Yang Perlu Diresensikan dalam Sebuah Buku di dalam Bahasa Indonesia/Before The reviews it in a Book in Indonesian Leangue for class XI IPS Semester 2 INDONESIAN

Yang Perlu Diresensikan dalam Sebuah Buku
(Sumber: Ms. Indri, Bahasa Indonesia Teach for class XI IPS  semester 2 dan sumber Kedua:Eti, Nunung Yuli. Pelajaran Bahasa dan Sastra Indonesia Kelas XI untuk SMA.2005. PT Intan Pariwara:Klaten.)
Yang diresensi

  • Judul Resensi
  • Data Buku, dibagi atas: Pertama, Fiksi; Kedua, Non fiksi (Judul, pengarang, penerbit, tahun terbit, tebal buku).

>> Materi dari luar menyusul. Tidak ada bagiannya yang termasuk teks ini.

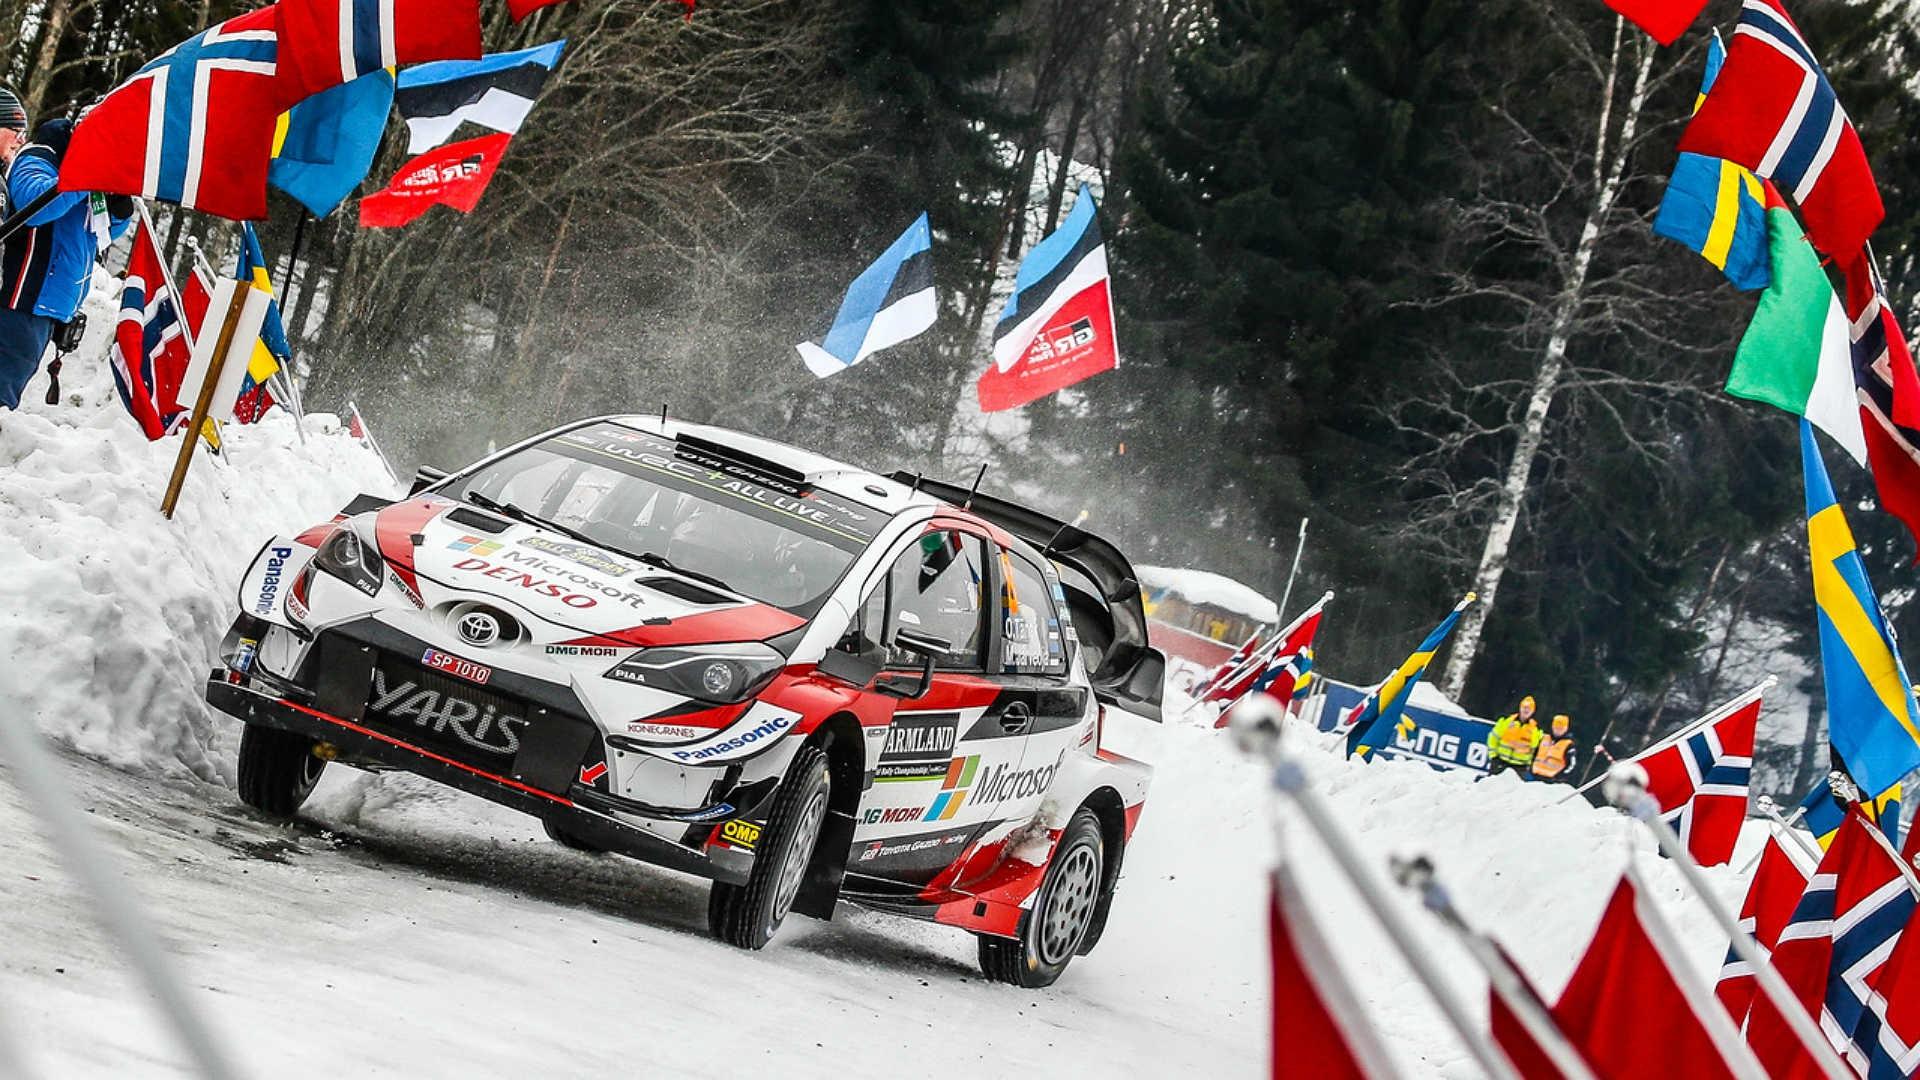 Ott Tanak vence com categoria o Rali da Suécia

  • Memperkenalkan pengarang
  • Membandingkan dengan buku yang sejenis
  • Merumuskan tema
  • Mengungkapkan kesan
  • Sinopsis= ada/ tidak
  • Keunggulan dan kelemahan Buku

Contohnya:

PENETRASI YANG MENGANYAM KEHANCURAN
Judul                     : Menolak Panggilan Pulang
Penulis                 :Ngarto Februana
Jenis Buku          : Fiksi
Penerbit              :Media Pressindo, Yogyakarta
Cetakan I             : Juli 2000
Tebal                     : 207 halaman
                Tidak semua perubahan dan kemajuan memetik buah yang manis. Saat sebuah komunitas maupun individu diterjang datangnya perubahan baru yang tidak terantisipasi, maka yang terjadi justru kegamangan. Ternyata, tidak ada yang lebih dahsyat dari kehancuran yang disebabkan oleh meleburnya penetrasi sebuah kultur. Kehancuran ini dapat terjadi dalam sosok individu maupun komunitas.

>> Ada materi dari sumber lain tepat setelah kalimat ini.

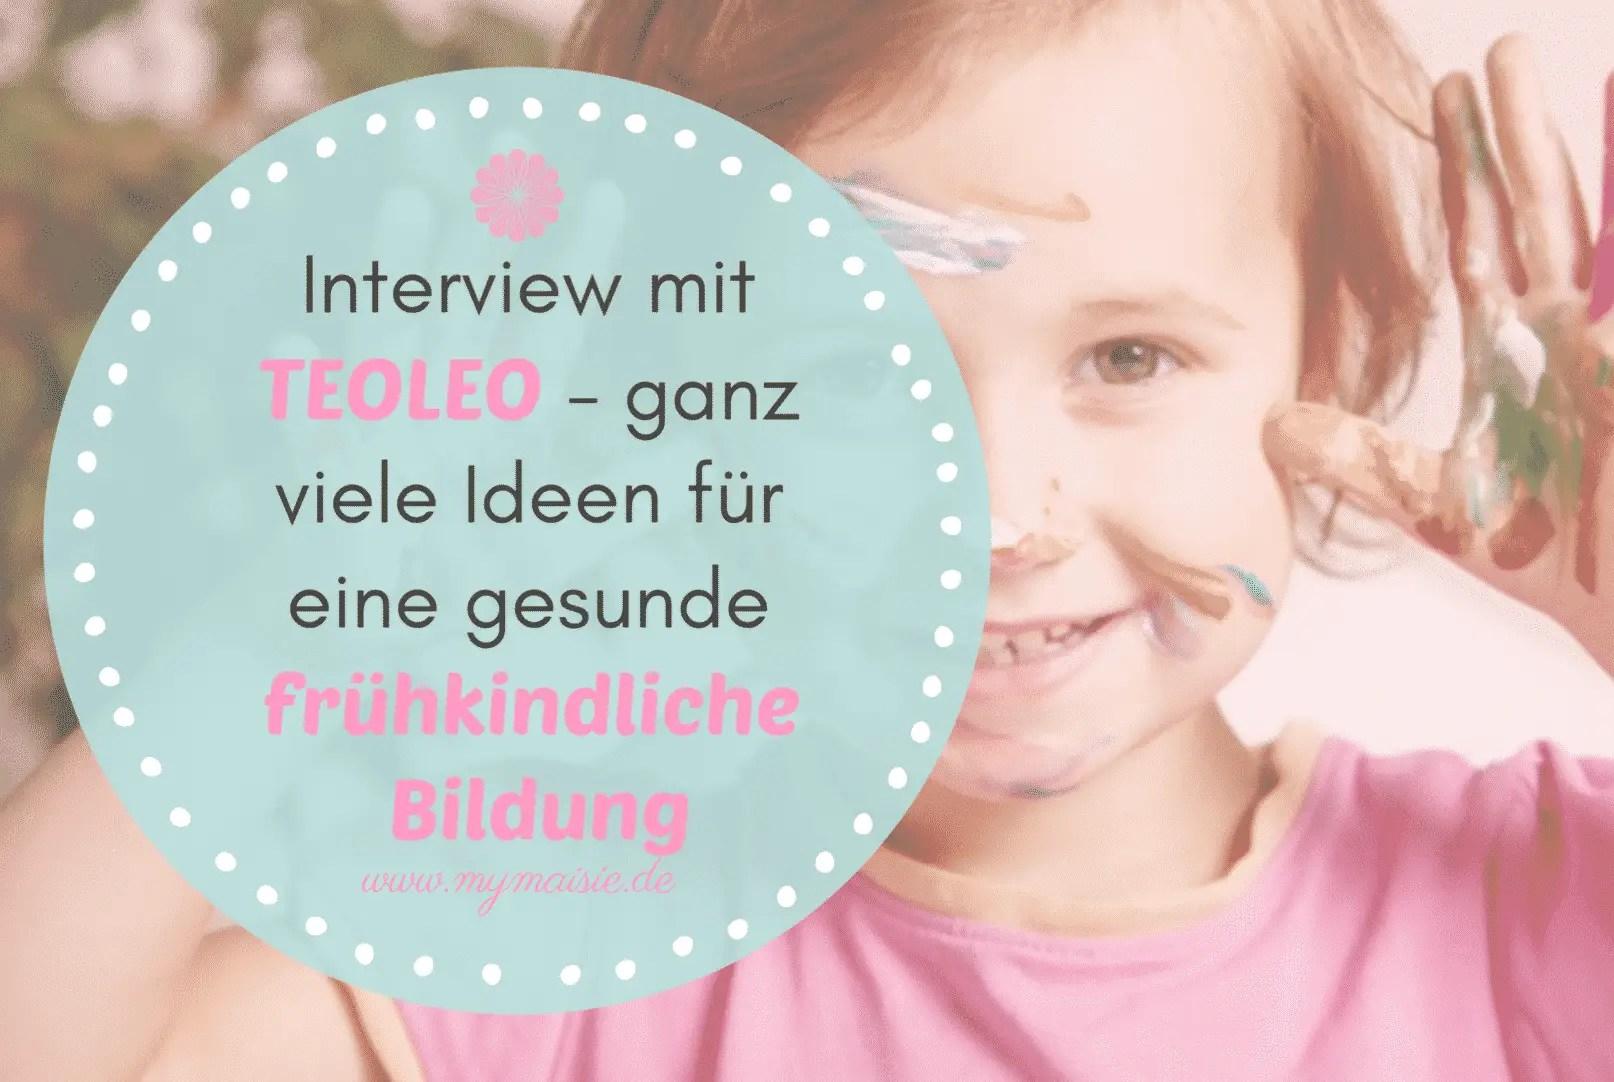 Interview mit TEOLEO - ganz viele Ideen für eine gesunde frühkindliche Bildung

Desa Malinau adalah bagian dari tiga belas desa di Kecamatan Loksado, Perbukitan Meratus, Kalimantan Selatan. Di dalamnya hidup sekelompok warga Dayak Meratus yang sangat patuh pada tradisi nenek moyang yang turun-temurun. Dengan tingkat pendidikan masyarakat  yang rendah, tidak heran jika kemajuan pembangunan desa itu pun berjalan sangat lamban. Ketidakmengertian pada teknologi dan kegigihan untuk mempertahankan adat, akhirnya, menggiring masyarakat Malianau pada sebuah pemikiran yang selalu skeptis dan penuh curiga pada setiap orang yang datang dari luar Meratus.

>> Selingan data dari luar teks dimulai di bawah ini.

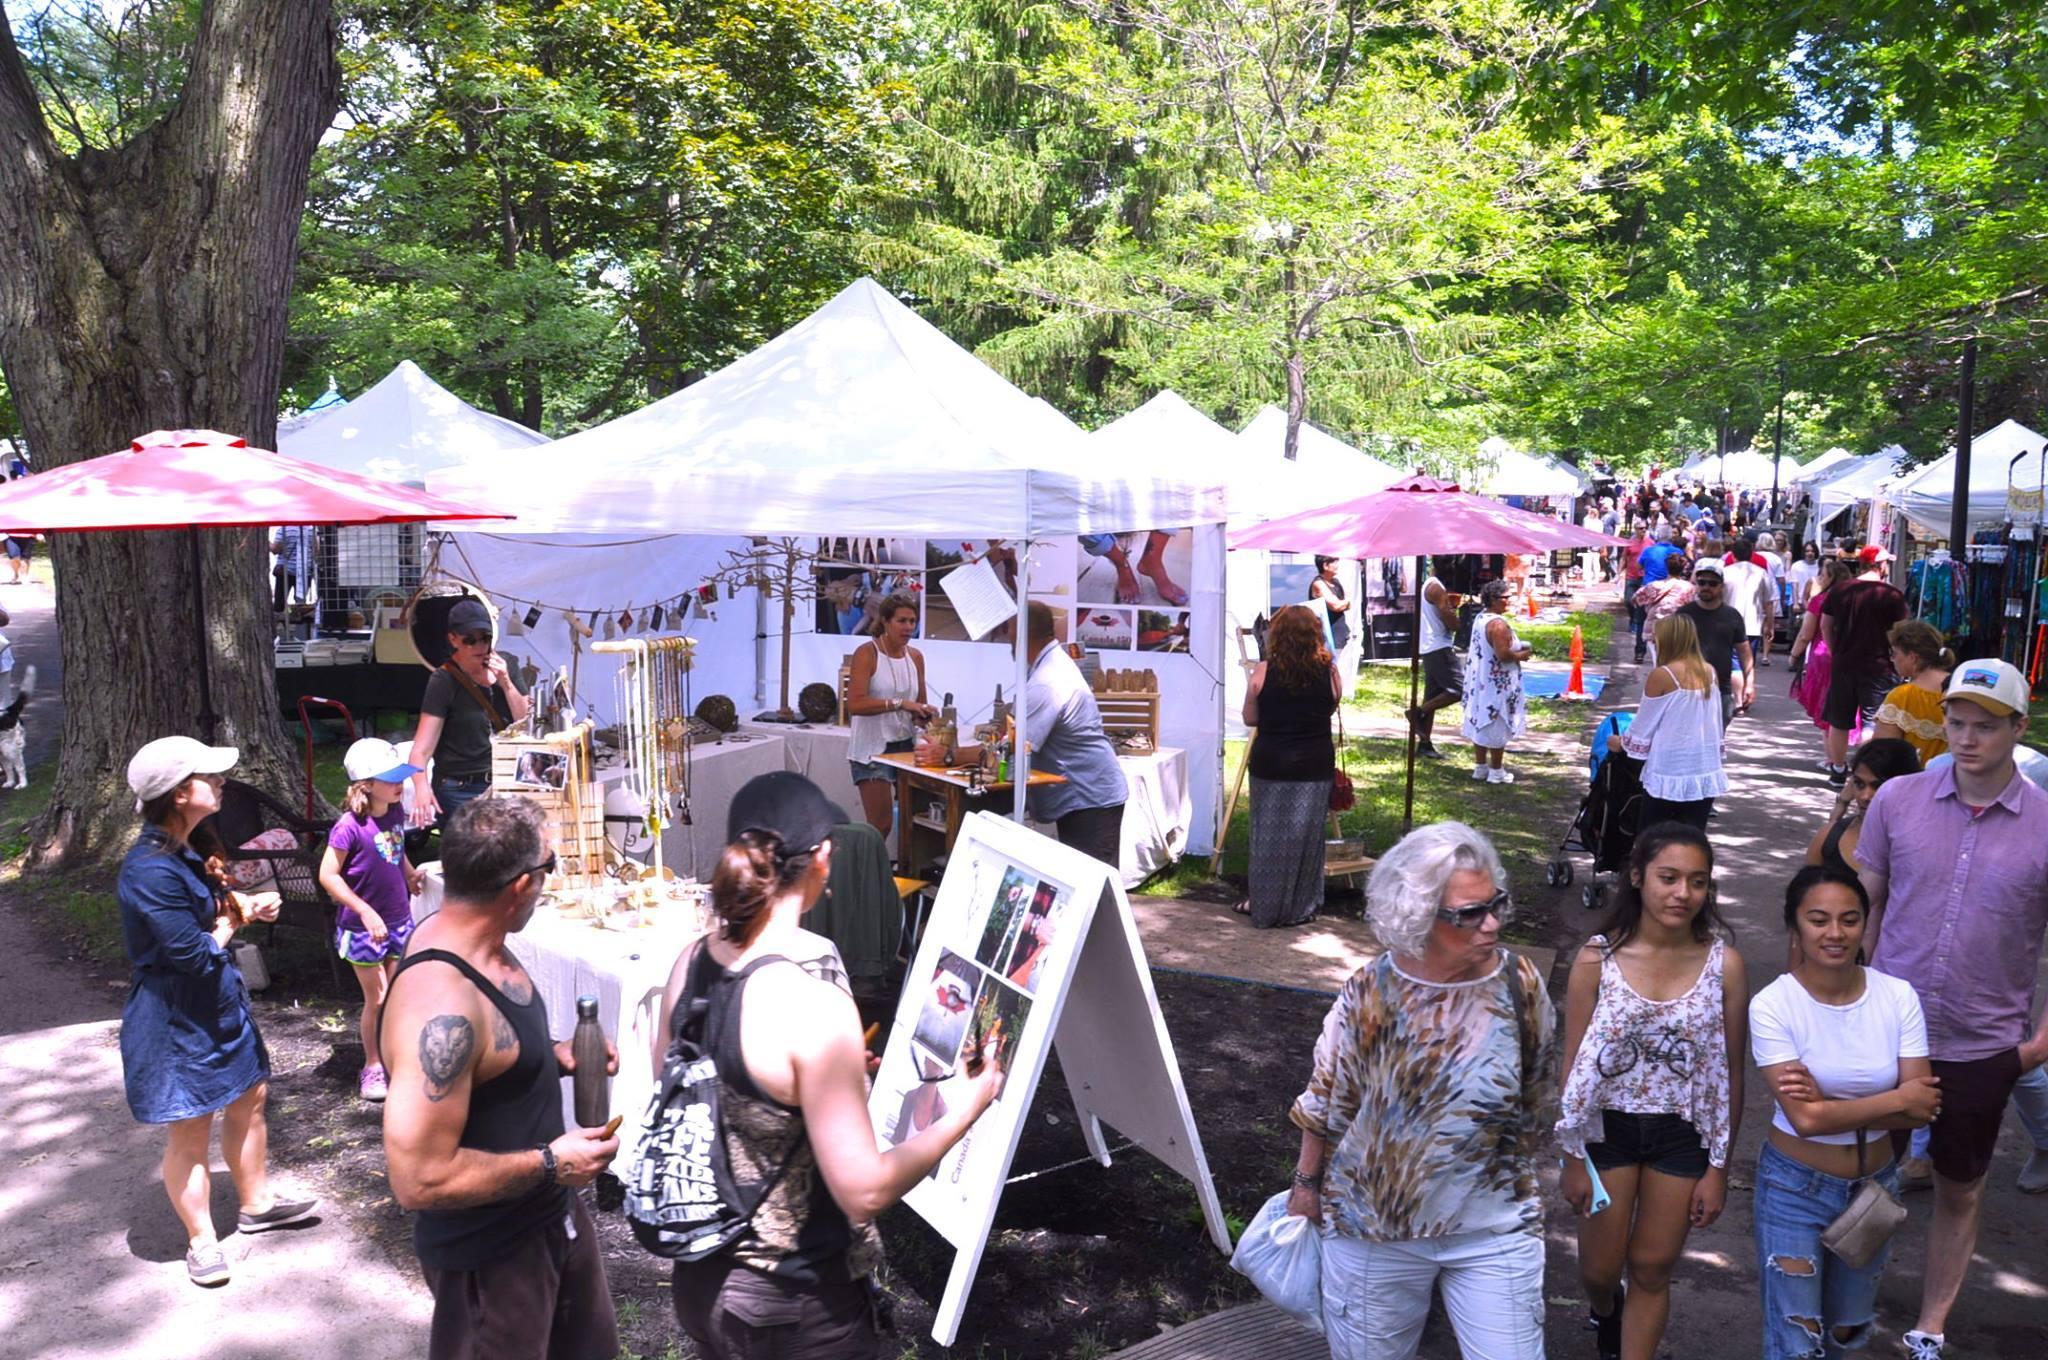 Kingston ArtFest

Ketika Rohaimin, salah satu staf Dinas Sosial di Kabupaten Hulu Sungai Selatan, datang ke desa itu pada tahun 1981 untuk menawarkan cara bercocok tanam dengan system pemupukan dan menggunakan cangkul, justru ditanggapi curiga oleh masyarakat Dayak Meratus. Penghulu Dingit, tetua adat Malianau, menolak tawaran itu. Lima tahun kemudian, saat Rohaimi datang kembali ke Malinau, ia menawarkan diri menjadi orang tua asuh bagi Utay, anak tunggal penghulu Dingit, supaya bisa bersekolah di Kandang. Meski semula curiga, akhirnya Dingit memperbolehkan anaknya bersekolah di kota. Utay pun pergi meninggalkan teman-teman sepermainnya, termasuk Aruni, anak gadis penghulu Balai Jalay yang telah menjadi jodohnya secara adat.
Tujuh tahun kemudian, Utay menamatkan SMA dan juga kursus bahasa Inggris. Atmosfer kota yang serba kecukupan dan penuh kemudahan, rupanya, telah lekat dalam darah Utay. Mulailah banyak perdebatan dalam dirinya ketika kembali ke Desa Malianu, tanah kelahirannya. Sementara iut, Aruni pun sudah tumbuh menjadi gadis cantik yang cerdas. Ia memantu mengajarkan ketrampilan tangan di sebuah sekolah kecil di Malinau. Pemikiran Utay yang sudah lebih moderat bertemu dengan kekolotan adat di desanya. Utay pun gamang, apalagi ketika ayahnya menagih janjinya sebagai penerus tetua adat itu. Di satu sisi, ia pernah bersumpah untuk menjunjung tinggi adat leluhurnya. Namun, pendidikan yang telah dikenyamnya melahirkan satu cita-cita baru. Utay ingin bekerja sebagai tenaga administrasi di PT Rimba Nusantara, sebuah perusahaan hutan tanaman industir di Banjarmasin. Ia juga ingin masyarakat Malinay menerima tawaran perusahaan itu untuk bekerja sama mengelola lahan mereka. Rasa saying penghulu Dingit membuat mengabulkan keinginan anaknya untuk bekerja di kota.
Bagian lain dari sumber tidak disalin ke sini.